Return the data exactly, apart from leaving out the pictures.

__Source material__:
══════════════════════════════

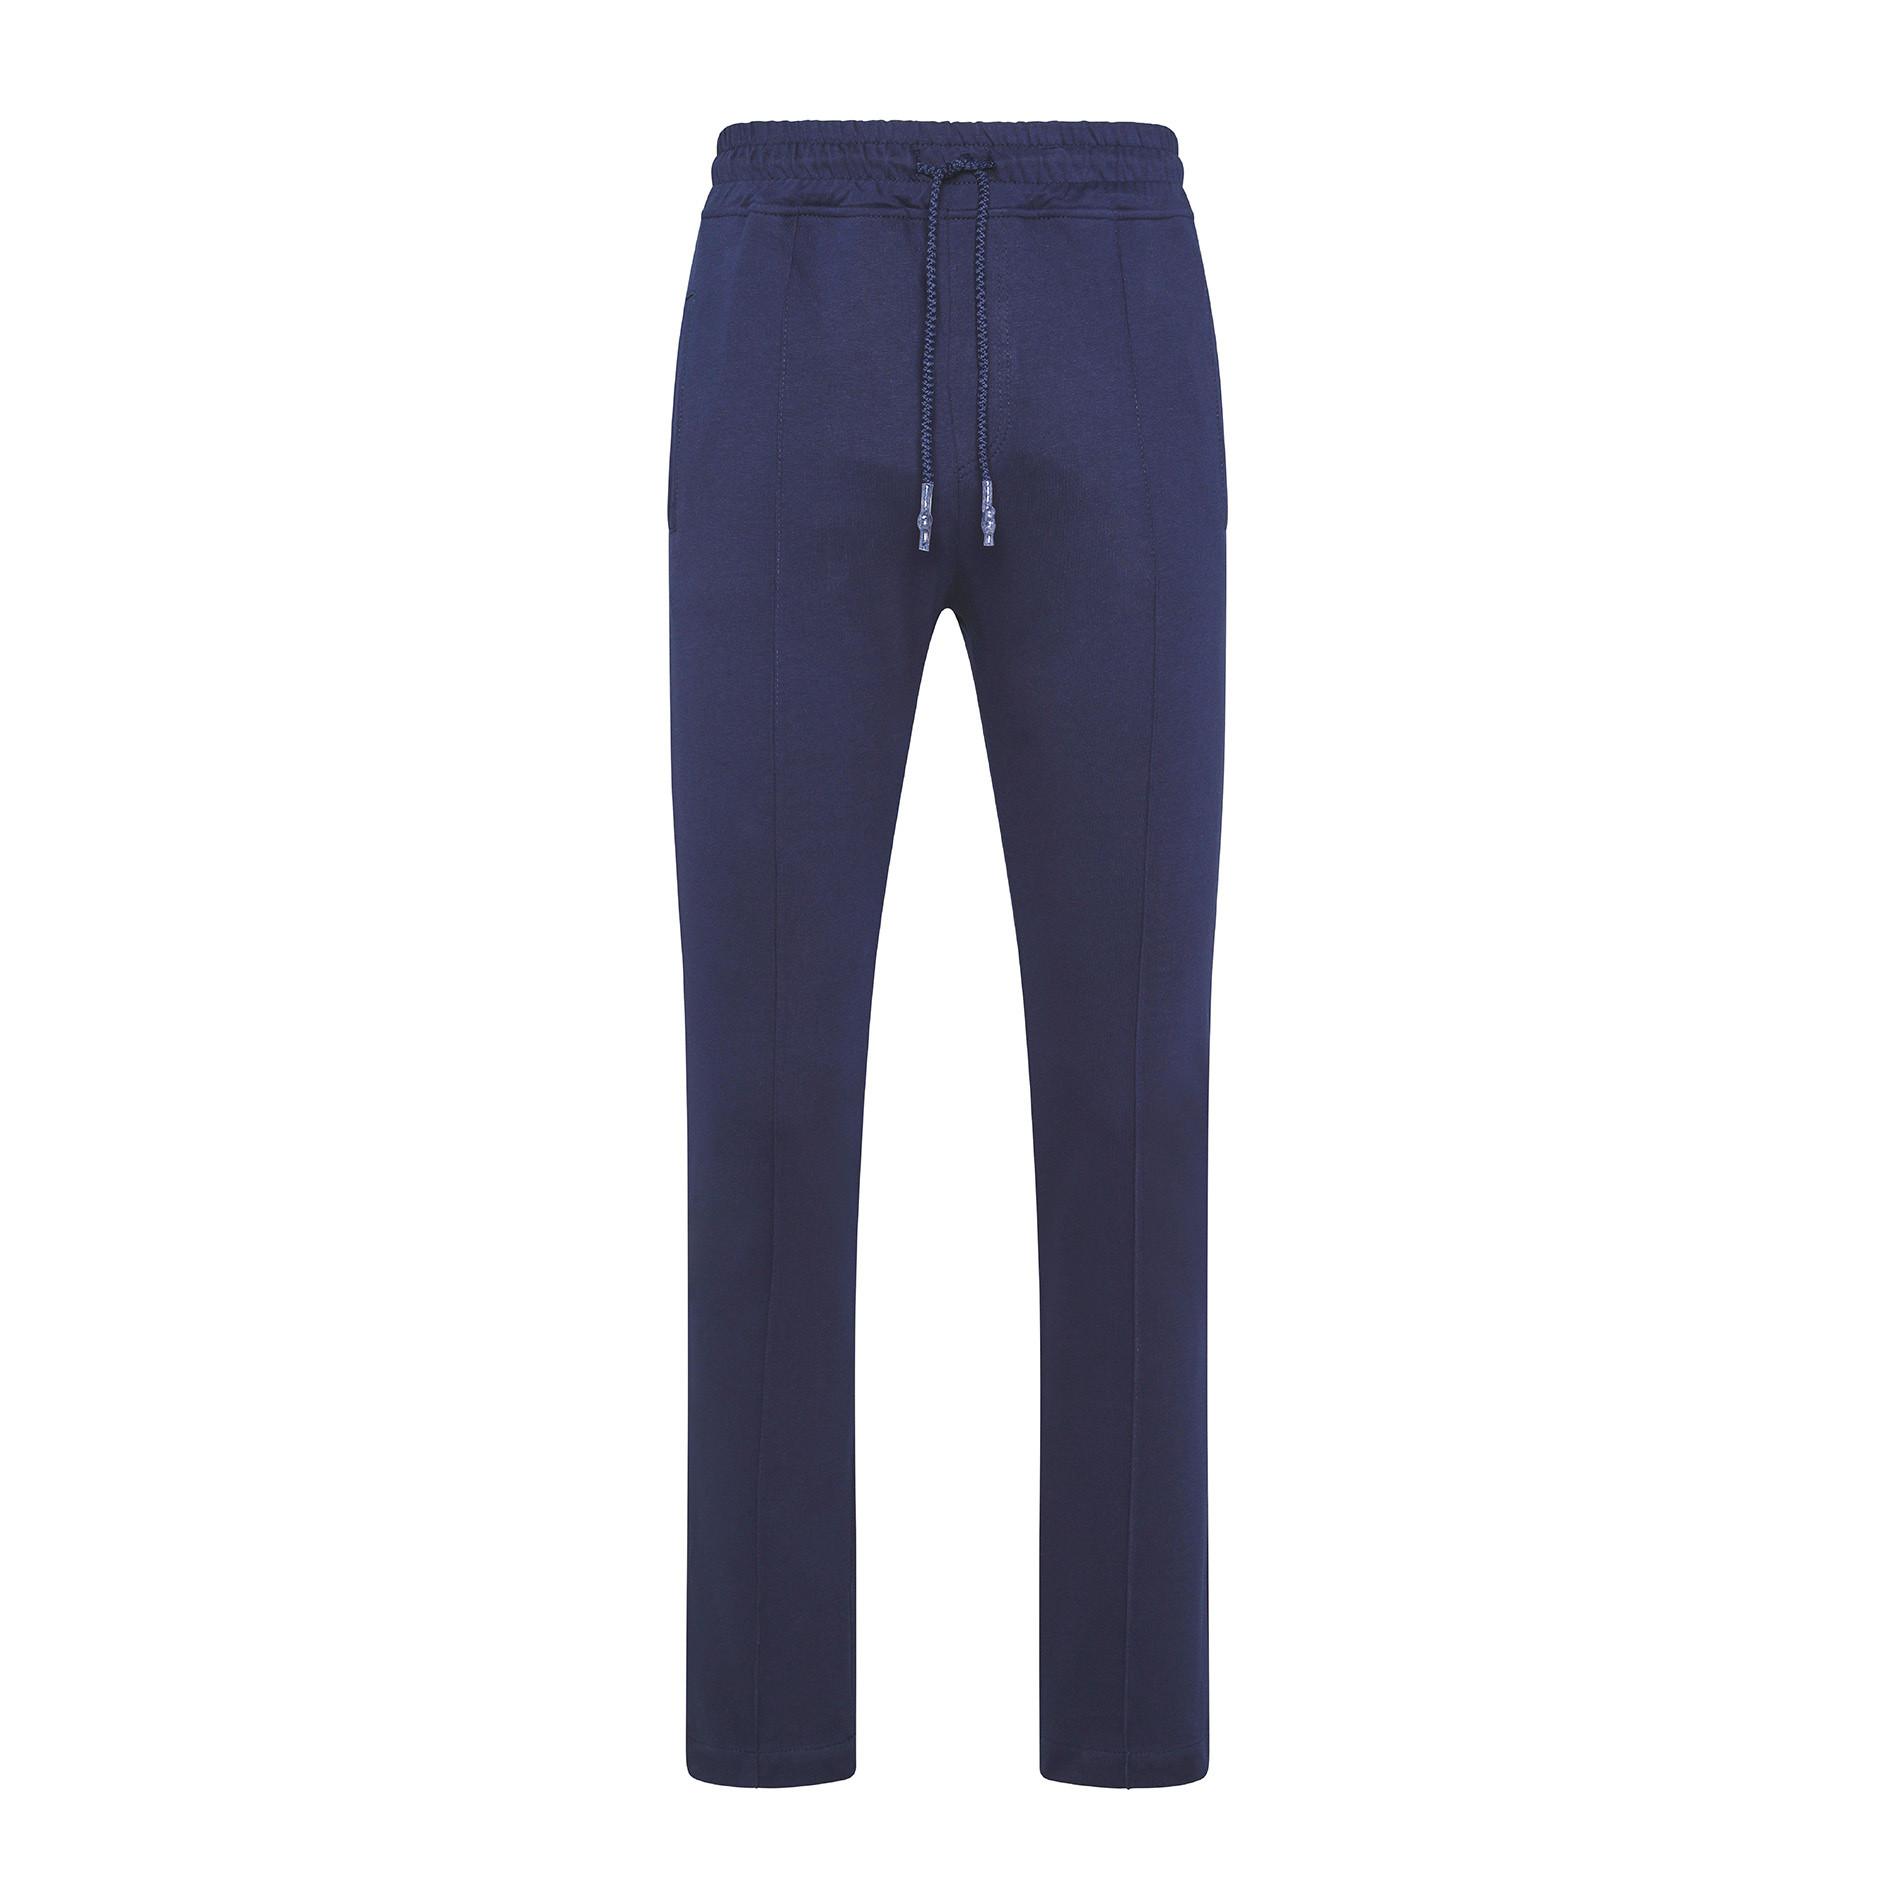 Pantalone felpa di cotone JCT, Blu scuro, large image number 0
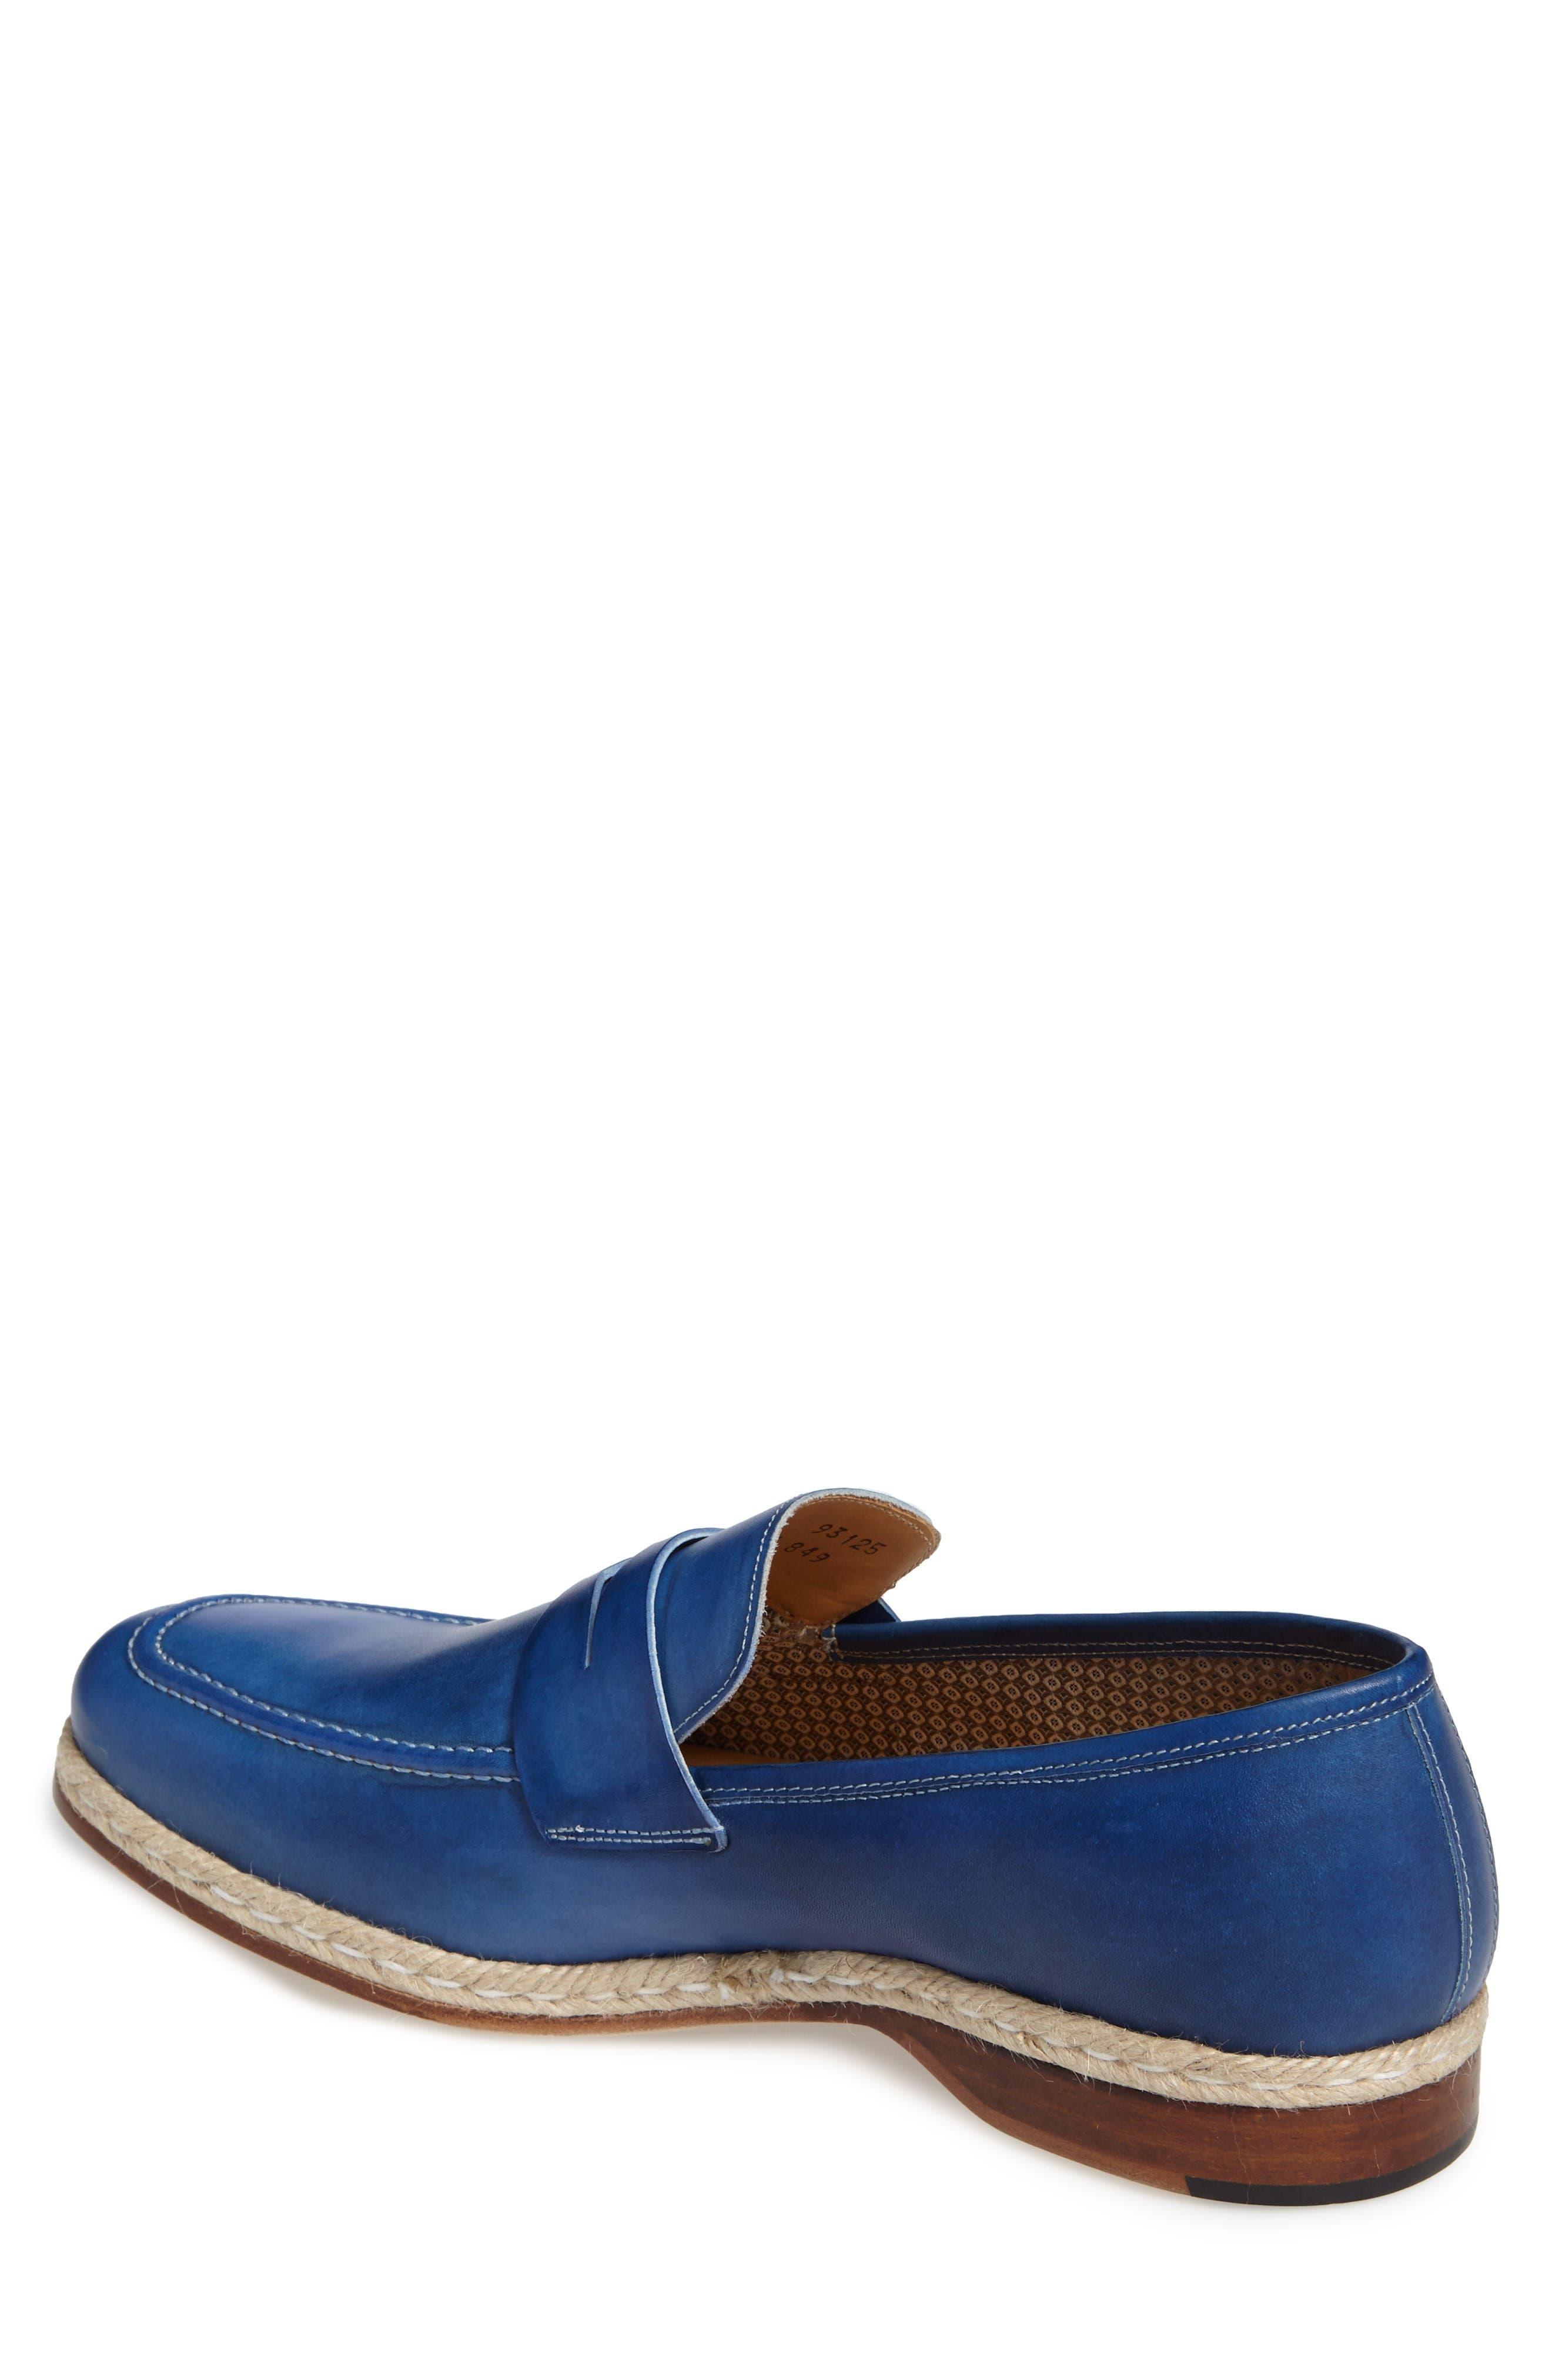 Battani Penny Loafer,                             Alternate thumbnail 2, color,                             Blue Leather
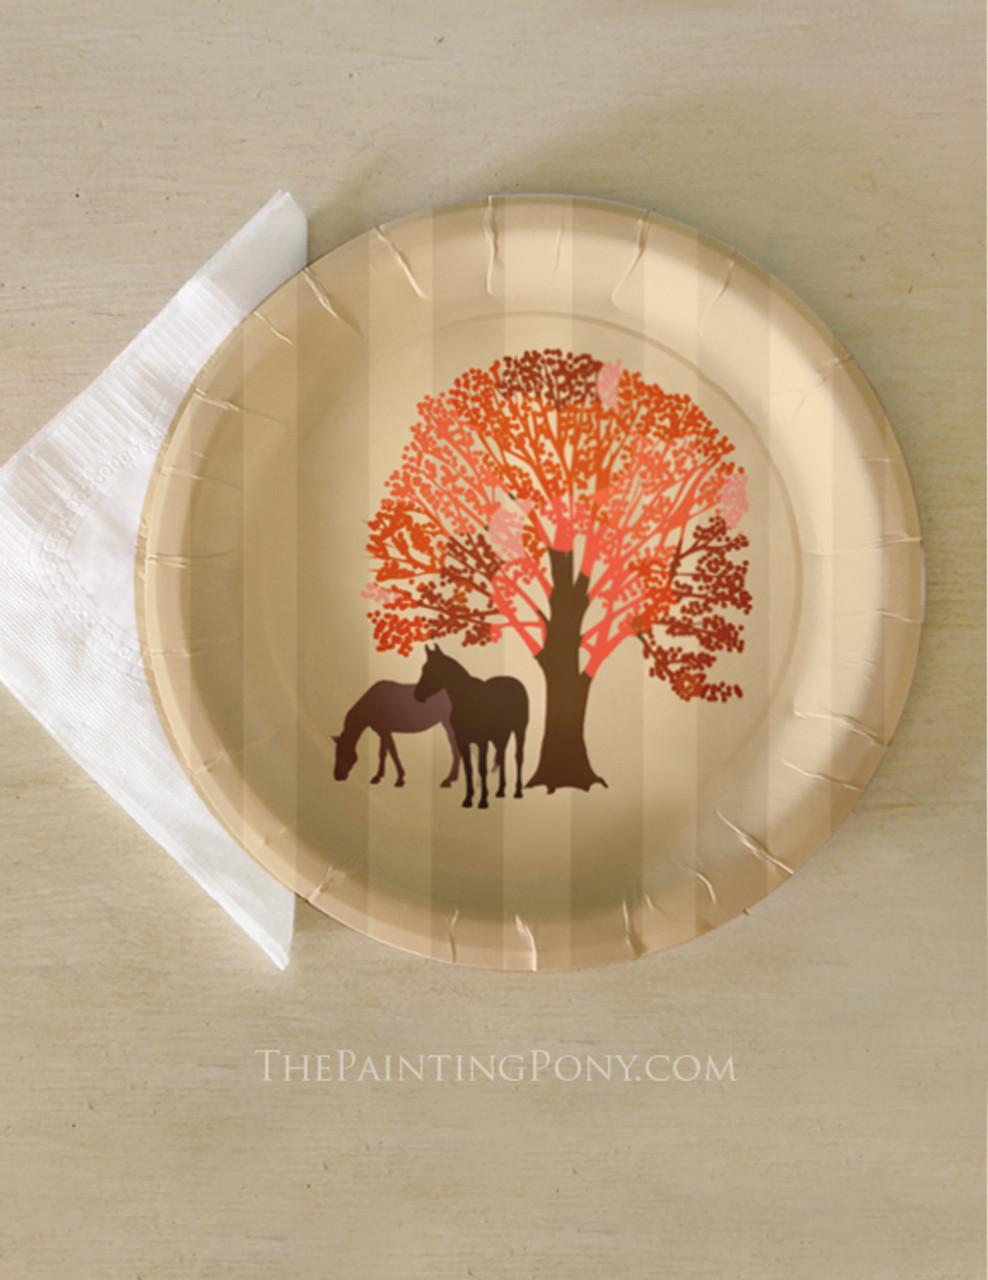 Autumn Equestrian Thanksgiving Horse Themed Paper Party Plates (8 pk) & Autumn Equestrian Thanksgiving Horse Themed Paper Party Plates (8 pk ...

══════════════════════════════

__Written solution__:
 Pantalone felpa di cotone JCT, Blu scuro, large image number 0
 Battani Penny Loafer,                             Alternate thumbnail 2, color,                             Blue Leather
 Autumn Equestrian Thanksgiving Horse Themed Paper Party Plates (8 pk) & Autumn Equestrian Thanksgiving Horse Themed Paper Party Plates (8 pk ...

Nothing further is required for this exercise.